EXERCISE REQUIREMENTS
Could you print each of the records below exactly?

(Saved entries)
_____

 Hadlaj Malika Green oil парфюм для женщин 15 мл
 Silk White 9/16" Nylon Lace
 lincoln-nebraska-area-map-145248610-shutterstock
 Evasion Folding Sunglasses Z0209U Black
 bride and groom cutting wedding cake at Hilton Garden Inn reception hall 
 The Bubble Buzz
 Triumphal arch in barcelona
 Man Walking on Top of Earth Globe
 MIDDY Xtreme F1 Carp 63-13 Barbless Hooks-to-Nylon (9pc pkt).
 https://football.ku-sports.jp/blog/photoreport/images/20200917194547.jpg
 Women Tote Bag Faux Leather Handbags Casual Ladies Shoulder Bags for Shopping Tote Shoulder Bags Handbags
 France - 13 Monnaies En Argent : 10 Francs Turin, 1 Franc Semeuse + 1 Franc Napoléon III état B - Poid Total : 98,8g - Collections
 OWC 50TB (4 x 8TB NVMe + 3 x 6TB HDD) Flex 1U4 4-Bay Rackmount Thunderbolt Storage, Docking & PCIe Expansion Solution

_____

SOLUTION FOR THIS EXERCISE
 Hadlaj Malika Green oil парфюм для женщин 15 мл
 Silk White 9/16" Nylon Lace
 lincoln-nebraska-area-map-145248610-shutterstock
 Evasion Folding Sunglasses Z0209U Black
 bride and groom cutting wedding cake at Hilton Garden Inn reception hall 
 The Bubble Buzz
 Triumphal arch in barcelona
 Man Walking on Top of Earth Globe
 MIDDY Xtreme F1 Carp 63-13 Barbless Hooks-to-Nylon (9pc pkt).
 https://football.ku-sports.jp/blog/photoreport/images/20200917194547.jpg
 Women Tote Bag Faux Leather Handbags Casual Ladies Shoulder Bags for Shopping Tote Shoulder Bags Handbags
 France - 13 Monnaies En Argent : 10 Francs Turin, 1 Franc Semeuse + 1 Franc Napoléon III état B - Poid Total : 98,8g - Collections
 OWC 50TB (4 x 8TB NVMe + 3 x 6TB HDD) Flex 1U4 4-Bay Rackmount Thunderbolt Storage, Docking & PCIe Expansion Solution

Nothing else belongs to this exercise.